Each line holding the string "siècle" is to be copied from the data.

[Start of section]

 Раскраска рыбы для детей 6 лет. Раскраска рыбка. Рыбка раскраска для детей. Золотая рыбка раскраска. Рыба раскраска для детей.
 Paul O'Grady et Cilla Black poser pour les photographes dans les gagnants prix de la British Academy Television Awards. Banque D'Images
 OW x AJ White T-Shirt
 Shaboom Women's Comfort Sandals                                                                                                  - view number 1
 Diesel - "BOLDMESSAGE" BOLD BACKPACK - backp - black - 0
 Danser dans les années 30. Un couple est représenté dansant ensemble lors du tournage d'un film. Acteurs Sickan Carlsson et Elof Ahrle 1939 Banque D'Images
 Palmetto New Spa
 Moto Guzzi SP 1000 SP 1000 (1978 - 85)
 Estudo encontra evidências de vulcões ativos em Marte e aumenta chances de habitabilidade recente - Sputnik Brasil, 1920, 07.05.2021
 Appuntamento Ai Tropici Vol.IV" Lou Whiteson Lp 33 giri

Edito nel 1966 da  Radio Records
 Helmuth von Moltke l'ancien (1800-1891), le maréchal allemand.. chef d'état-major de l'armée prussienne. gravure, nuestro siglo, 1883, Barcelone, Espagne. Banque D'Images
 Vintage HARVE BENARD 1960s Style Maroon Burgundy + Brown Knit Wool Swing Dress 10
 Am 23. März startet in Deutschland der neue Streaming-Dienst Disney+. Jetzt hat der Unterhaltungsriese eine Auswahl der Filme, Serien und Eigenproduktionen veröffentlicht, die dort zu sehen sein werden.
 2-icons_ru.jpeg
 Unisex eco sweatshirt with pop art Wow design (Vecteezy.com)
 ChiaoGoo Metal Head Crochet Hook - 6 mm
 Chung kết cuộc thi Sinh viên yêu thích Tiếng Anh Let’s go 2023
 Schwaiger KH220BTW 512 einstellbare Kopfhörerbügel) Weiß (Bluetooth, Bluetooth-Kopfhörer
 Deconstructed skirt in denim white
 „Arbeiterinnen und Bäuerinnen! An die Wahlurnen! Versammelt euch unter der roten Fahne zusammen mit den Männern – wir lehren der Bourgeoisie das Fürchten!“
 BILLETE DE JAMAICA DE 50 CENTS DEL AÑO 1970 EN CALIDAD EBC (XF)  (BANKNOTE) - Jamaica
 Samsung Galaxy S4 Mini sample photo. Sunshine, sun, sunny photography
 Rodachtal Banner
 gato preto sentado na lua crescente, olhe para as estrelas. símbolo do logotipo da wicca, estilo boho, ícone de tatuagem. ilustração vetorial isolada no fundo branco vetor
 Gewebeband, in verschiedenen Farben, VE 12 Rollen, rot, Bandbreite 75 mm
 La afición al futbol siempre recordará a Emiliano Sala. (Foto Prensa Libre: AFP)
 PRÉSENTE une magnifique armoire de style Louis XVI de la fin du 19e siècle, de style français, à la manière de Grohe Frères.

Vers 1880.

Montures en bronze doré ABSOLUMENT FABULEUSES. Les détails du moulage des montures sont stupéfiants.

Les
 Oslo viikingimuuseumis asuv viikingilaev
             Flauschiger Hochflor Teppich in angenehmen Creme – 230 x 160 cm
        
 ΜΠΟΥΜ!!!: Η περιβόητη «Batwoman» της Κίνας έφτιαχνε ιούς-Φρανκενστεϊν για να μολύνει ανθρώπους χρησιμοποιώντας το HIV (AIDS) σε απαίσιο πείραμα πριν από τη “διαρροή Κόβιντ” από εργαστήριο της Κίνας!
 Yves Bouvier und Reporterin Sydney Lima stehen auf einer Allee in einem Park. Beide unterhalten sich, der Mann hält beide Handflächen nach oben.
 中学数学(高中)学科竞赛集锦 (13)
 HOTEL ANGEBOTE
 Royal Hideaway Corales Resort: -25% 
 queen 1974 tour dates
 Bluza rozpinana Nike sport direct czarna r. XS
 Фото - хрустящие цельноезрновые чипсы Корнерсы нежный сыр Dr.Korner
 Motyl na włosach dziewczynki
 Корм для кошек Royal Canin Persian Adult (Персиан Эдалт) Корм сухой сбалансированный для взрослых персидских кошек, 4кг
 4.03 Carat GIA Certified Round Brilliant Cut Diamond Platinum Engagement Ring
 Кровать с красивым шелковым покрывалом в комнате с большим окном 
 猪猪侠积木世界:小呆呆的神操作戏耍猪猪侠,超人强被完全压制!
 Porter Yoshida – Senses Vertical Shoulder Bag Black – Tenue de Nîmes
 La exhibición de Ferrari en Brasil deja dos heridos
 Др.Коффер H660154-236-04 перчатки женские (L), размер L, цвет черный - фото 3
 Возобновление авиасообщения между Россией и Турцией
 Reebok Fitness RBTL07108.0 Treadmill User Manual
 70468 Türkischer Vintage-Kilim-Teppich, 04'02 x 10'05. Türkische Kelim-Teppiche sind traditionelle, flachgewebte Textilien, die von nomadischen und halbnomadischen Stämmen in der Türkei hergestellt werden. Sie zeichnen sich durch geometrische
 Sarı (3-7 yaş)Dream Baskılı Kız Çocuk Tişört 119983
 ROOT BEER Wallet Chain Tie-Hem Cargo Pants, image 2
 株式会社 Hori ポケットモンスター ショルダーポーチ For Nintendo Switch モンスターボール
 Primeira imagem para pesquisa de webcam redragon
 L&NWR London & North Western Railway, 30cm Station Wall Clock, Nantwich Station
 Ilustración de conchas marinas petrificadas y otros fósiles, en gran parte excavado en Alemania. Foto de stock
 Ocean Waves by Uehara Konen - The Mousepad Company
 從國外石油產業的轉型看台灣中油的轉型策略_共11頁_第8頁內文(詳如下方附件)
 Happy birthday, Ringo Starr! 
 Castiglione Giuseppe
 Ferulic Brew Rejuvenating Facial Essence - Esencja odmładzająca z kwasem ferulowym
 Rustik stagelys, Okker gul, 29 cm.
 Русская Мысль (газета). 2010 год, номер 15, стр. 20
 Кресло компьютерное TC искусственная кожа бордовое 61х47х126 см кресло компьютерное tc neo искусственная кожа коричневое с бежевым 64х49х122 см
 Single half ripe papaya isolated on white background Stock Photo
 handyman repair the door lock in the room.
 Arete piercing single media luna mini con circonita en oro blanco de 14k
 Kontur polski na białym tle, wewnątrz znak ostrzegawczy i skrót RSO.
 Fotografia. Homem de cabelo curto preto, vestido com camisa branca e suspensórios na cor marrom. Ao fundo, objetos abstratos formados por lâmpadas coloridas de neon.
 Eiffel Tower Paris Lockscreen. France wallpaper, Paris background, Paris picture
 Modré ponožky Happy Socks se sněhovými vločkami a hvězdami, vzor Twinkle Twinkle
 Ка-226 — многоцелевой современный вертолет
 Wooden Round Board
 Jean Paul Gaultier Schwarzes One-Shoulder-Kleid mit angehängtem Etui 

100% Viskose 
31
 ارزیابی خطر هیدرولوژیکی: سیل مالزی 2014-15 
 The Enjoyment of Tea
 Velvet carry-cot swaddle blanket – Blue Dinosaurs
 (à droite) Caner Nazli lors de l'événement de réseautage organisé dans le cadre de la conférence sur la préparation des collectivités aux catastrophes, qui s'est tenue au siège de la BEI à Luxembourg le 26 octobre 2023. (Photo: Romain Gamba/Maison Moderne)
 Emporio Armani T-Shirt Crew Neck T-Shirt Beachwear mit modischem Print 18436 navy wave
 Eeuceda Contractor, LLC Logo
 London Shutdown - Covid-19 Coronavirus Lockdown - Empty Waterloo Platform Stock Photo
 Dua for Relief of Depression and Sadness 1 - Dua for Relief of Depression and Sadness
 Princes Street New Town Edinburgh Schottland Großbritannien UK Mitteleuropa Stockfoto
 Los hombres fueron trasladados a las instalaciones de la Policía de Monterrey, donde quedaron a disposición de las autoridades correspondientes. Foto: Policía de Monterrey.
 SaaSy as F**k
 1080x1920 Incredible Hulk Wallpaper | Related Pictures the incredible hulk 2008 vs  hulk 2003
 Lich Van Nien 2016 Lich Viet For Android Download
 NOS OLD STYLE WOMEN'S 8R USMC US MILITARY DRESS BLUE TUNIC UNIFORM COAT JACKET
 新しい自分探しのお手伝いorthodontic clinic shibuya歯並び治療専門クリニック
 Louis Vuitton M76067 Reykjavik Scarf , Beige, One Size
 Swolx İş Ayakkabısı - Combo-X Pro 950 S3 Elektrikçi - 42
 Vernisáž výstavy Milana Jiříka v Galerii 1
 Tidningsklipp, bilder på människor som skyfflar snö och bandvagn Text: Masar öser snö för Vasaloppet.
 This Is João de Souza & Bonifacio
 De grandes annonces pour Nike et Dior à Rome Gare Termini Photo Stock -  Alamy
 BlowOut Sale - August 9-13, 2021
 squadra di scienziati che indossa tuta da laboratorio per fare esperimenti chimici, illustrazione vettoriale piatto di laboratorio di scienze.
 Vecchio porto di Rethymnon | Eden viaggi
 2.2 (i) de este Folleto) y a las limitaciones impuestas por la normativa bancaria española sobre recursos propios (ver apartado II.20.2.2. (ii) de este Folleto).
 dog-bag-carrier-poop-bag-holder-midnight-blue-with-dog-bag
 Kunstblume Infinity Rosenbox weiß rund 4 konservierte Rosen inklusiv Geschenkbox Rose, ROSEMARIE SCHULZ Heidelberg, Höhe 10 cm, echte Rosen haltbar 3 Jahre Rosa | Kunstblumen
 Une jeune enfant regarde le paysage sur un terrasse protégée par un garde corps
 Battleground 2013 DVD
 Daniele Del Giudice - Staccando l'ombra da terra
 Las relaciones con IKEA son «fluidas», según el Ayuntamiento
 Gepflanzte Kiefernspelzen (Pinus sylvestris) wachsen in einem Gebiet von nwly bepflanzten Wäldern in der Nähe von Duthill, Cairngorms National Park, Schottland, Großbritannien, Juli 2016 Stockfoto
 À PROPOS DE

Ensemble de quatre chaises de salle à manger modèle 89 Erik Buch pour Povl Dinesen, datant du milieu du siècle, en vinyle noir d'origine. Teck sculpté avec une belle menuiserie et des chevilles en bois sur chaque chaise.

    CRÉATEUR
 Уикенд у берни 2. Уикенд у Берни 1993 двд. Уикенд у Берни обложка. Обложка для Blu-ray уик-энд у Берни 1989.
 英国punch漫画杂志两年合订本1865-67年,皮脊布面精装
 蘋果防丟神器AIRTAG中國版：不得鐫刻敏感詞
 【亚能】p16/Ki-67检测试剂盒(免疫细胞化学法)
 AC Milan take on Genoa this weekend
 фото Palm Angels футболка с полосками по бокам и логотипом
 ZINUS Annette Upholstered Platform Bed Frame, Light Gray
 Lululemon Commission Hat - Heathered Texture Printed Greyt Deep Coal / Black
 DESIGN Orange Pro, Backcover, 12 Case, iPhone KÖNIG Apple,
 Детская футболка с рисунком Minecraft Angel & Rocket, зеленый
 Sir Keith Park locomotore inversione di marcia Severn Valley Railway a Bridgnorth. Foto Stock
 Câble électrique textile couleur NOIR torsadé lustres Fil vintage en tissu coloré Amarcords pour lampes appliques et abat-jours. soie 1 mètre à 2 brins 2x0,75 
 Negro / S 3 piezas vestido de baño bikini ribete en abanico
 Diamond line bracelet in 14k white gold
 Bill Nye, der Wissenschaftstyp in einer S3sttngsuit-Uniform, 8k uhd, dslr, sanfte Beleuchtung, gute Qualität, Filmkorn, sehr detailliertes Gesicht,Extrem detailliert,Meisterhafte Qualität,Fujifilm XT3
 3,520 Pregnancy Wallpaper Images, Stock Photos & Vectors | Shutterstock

[End of section]

SOLUTION
 PRÉSENTE une magnifique armoire de style Louis XVI de la fin du 19e siècle, de style français, à la manière de Grohe Frères.
Ensemble de quatre chaises de salle à manger modèle 89 Erik Buch pour Povl Dinesen, datant du milieu du siècle, en vinyle noir d'origine. Teck sculpté avec une belle menuiserie et des chevilles en bois sur chaque chaise.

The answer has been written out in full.